CZY KEVIN ZOSTANIE MISTRZEM ŚWIATA?

Wojciech Czuba, Boxing News

2011-08-29

Po bolesnej porażce w maju 2010 roku z Michaelem Katsidisem (28-4, 23 KO), kariera 26-letniego Kevina Mitchella (32-1, 24 KO) znalazła się na zakręcie. Kompletnie załamany Anglik wpadł w ciąg alkoholowy, który trwał ponad pół roku. Na szczęście z pomocą rodziców i przyjaciół wziął się w garść, zacisnął zęby i powrócił na salę treningową. Efektem ciężkiej pracy ambitnego ‘Młociarza z West Hamu’, był wspaniały pojedynek z krajowym rywalem Johnem Murray’em (31-1, 18 KO). Skazywany na porażkę Kevin, zastopował w 8. starciu pewnego siebie i dotychczas niepokonanego byłego mistrza Europy z Manchesteru.

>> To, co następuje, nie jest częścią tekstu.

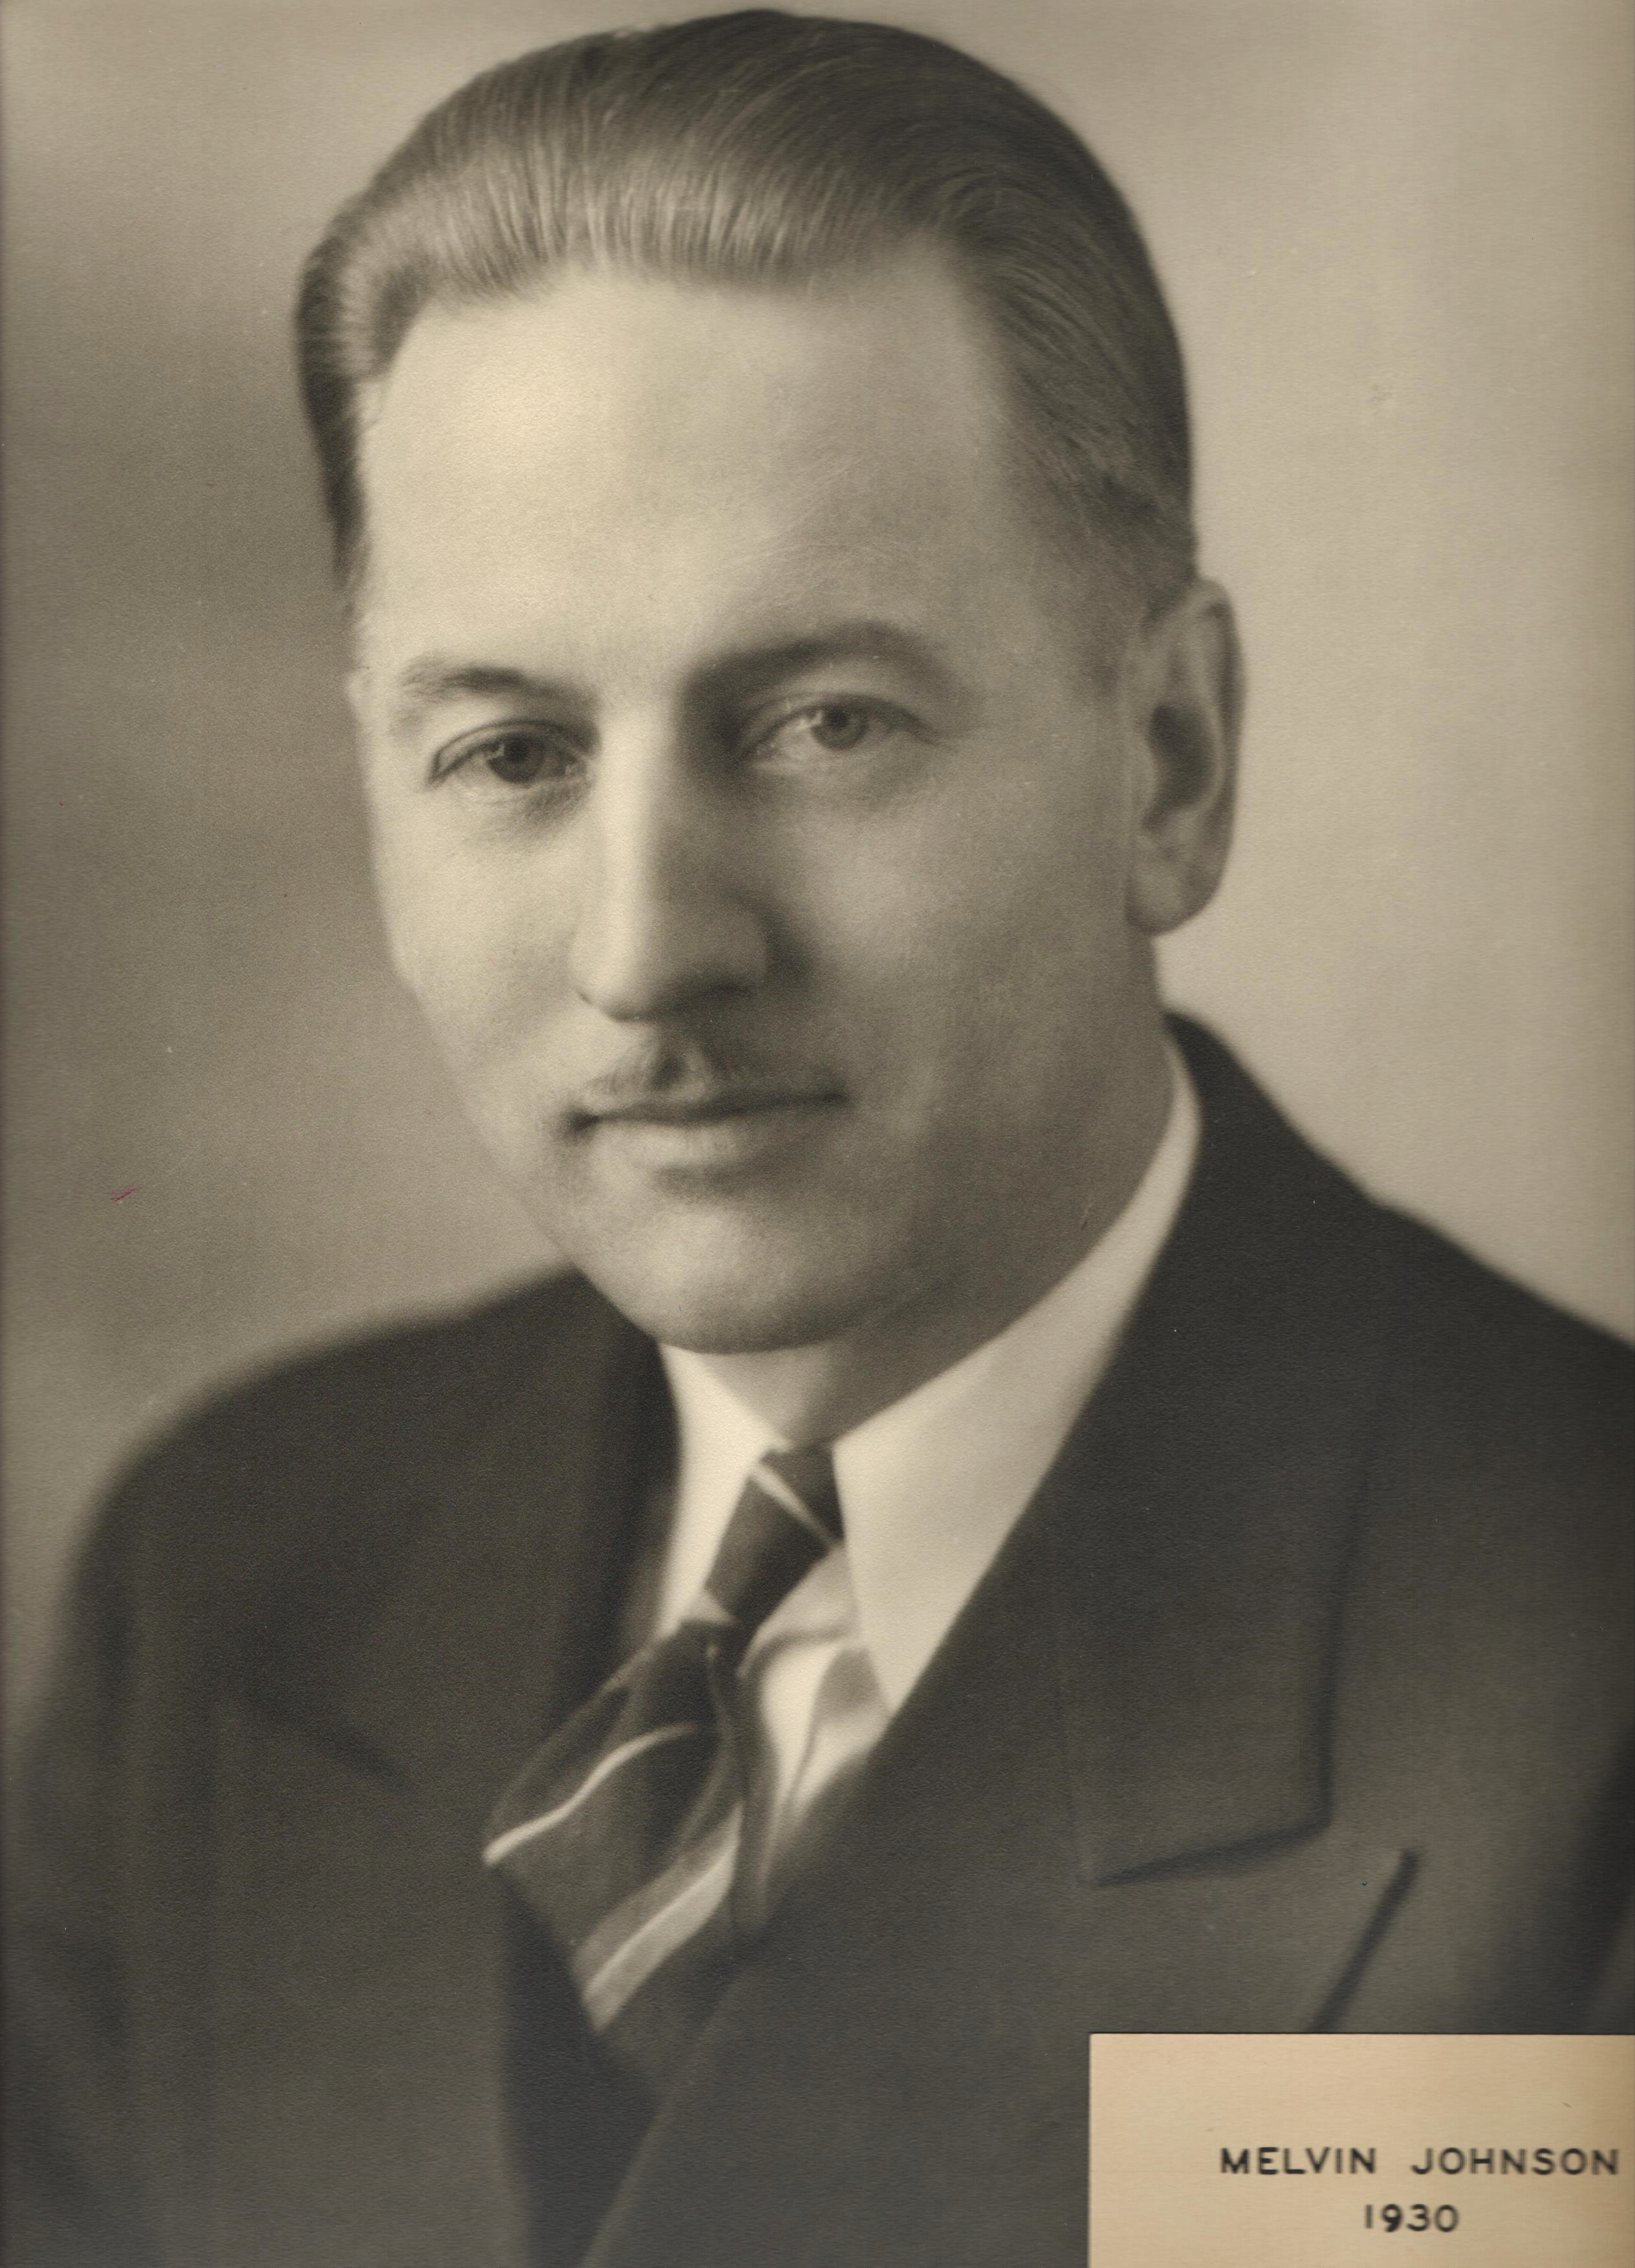 1930 Melvin Johnson

Teraz czeka go najtrudniejszy sprawdzian. 12 listopada Mitchell stanie przed szansą zdobycia mistrzowskiego tronu federacji WBA w kategorii lekkiej, na którym zasiada twardy Teksańczyk Brandon Rios (28-0-1, 21 KO). Czy ‘Młociarz’ będzie w stanie go zdetronizować i spełnić tym samym swoje największe marzenie? Swoje opinie na ten temat wyraziło 4 znanych w bokserskim światku Brytyjczyków.

Dave Coldwell – trener.
- Od czasu gdy w świetnym stylu pokonał Carla Johannesona i został mistrzem Wielkiej Brytanii i Wspólnoty Brytyjskiej, naprawdę mi imponuje. Potem miał obniżkę formy, ale ostatnio znowu pokazał, że wraca do gry. Ten chłopak z pewnością ma potencjał, aby osiągnąć sukces.

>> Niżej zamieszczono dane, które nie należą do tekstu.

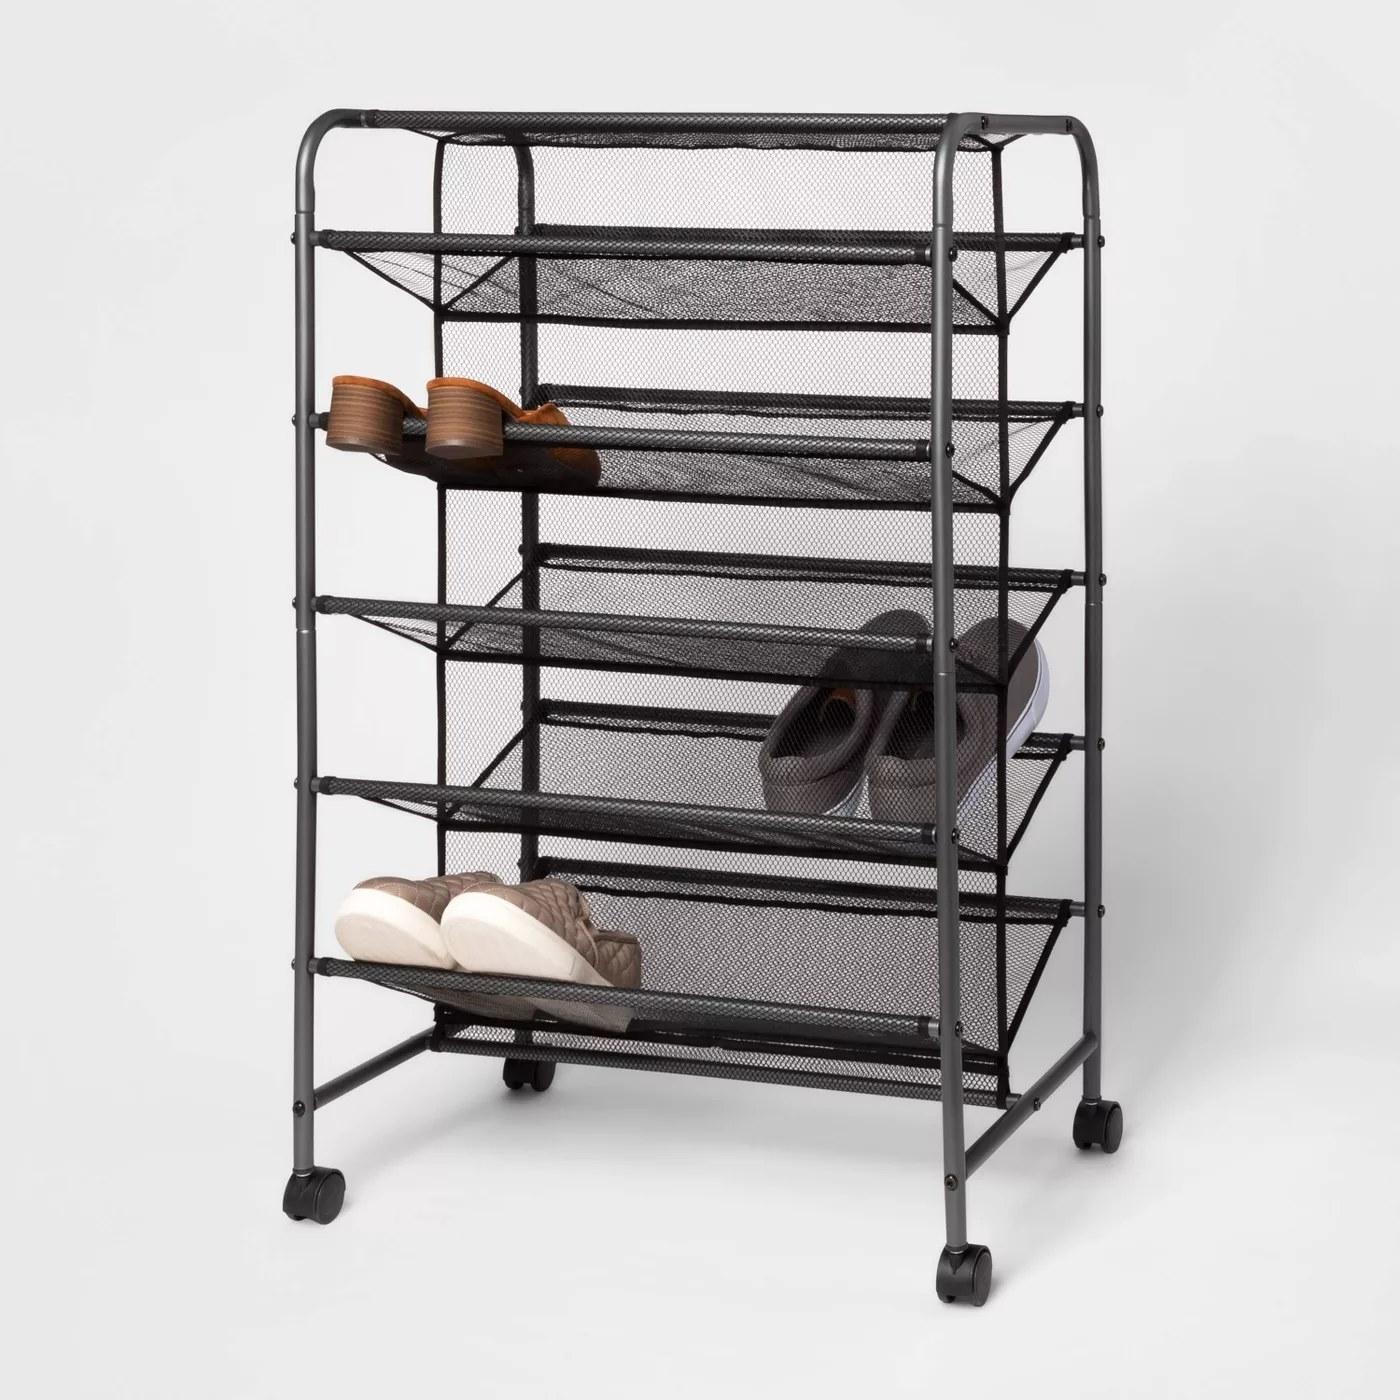 A double-sided shoe rack

Lee McAllister (33-2, 8 KO)- Mistrz Wspólnoty Brytyjskiej w kategorii junior półśredniej.
- Kevin Mitchell to w porządku gość i ma duże umiejętności. Biorąc pod uwagę problemy z jakimi się borykał, można mu tę jedną porażkę spokojnie wybaczyć. Wierzę, że Kevin prezentuje światowy poziom i zajdzie bardzo wysoko.

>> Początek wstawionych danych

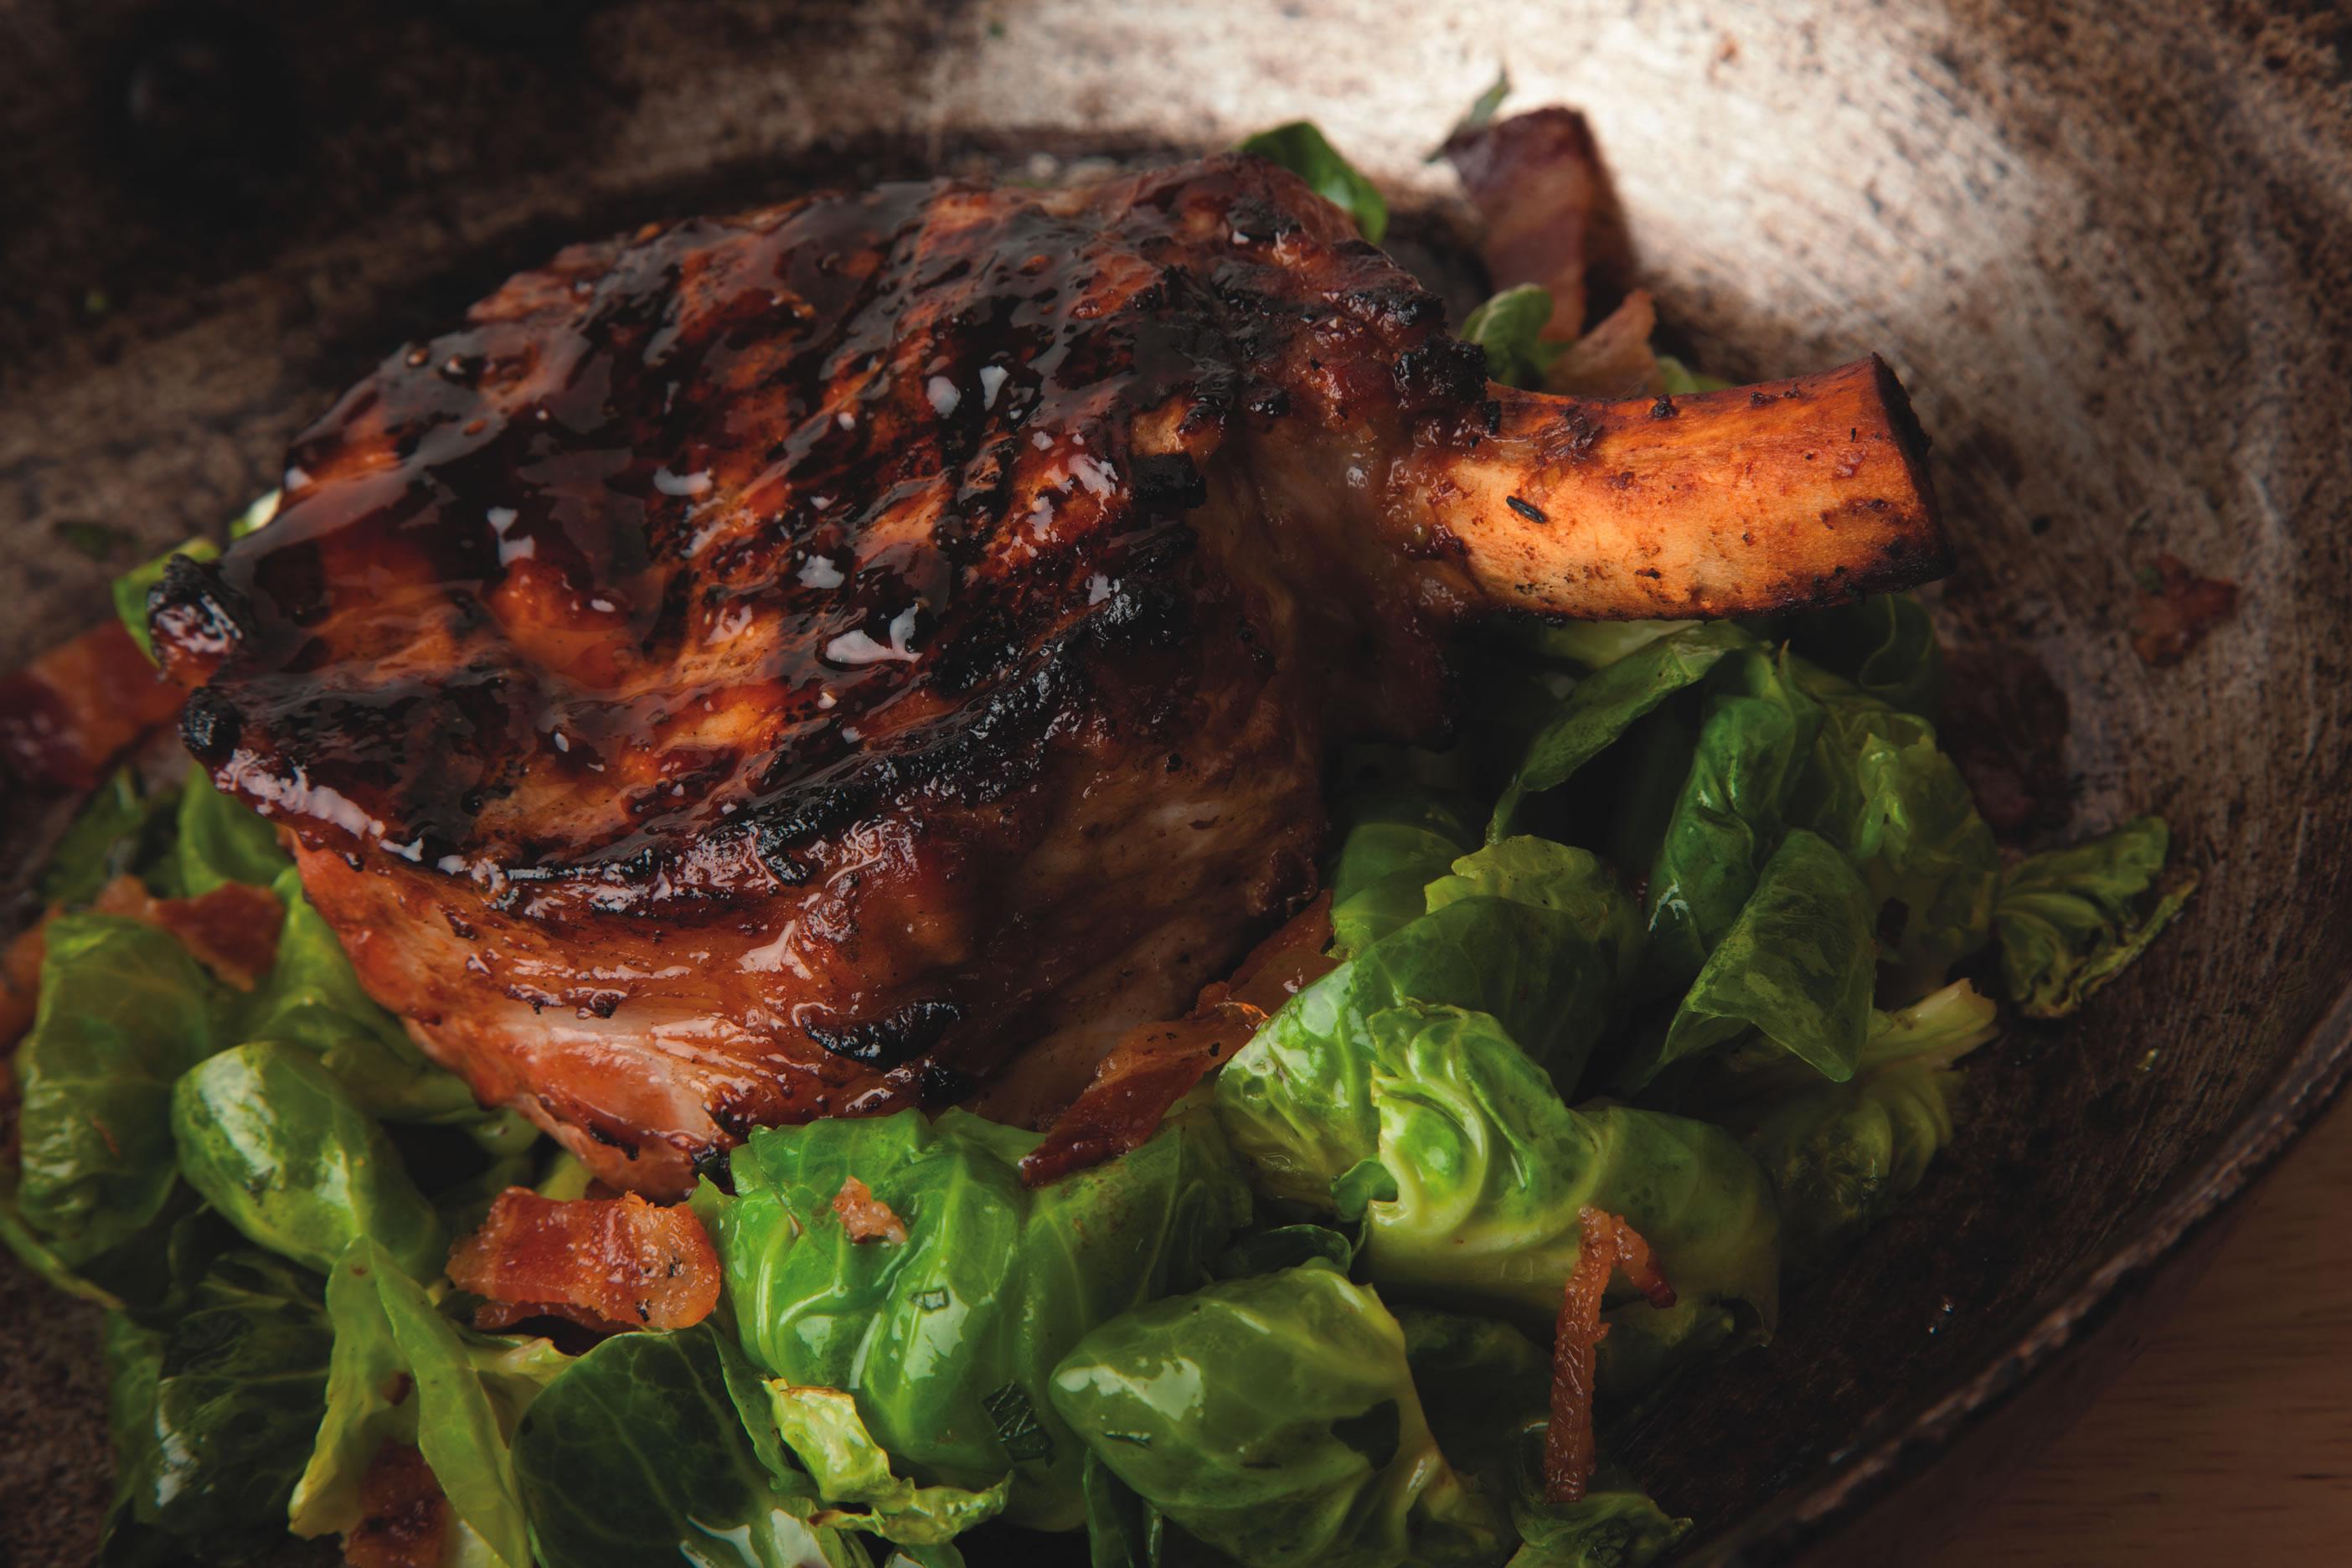 Hoisin-marinated pork chop at Paul Martin's American Grill

Derry Matthews (29-5, 15 KO)- Mistrz Anglii w kategorii lekkiej.
- Myślę, że stać go na wywalczenie mistrzowskiego tytułu. Pamiętam go z czasów amatorskich i wiem jak dobry jest i jak mocno uderza. Wydaje mi się, że z Katsidisem miał po prostu pecha.

Anthony Farnell - trener.
- Oczywiście, że jest w stanie zostać mistrzem. W starciu z Johnem Murray’em zaprezentował doskonałe przygotowanie i formę. Chociaż na początku John był równie dobry i przez pierwsze 3 czy 4 rundy zepchnął Kevina do obrony. Później jednakże ten zaczął trafiać Johna przepięknymi ciosami. To był światowy poziom.

Ciekawe czy Anglik wykorzysta nadarzającą się okazję i tym razem nie powtórzy błędów, które kosztowały go tak wiele podczas walki z Australijczykiem. Niestety na odpowiedź musimy cierpliwie poczekać do listopada.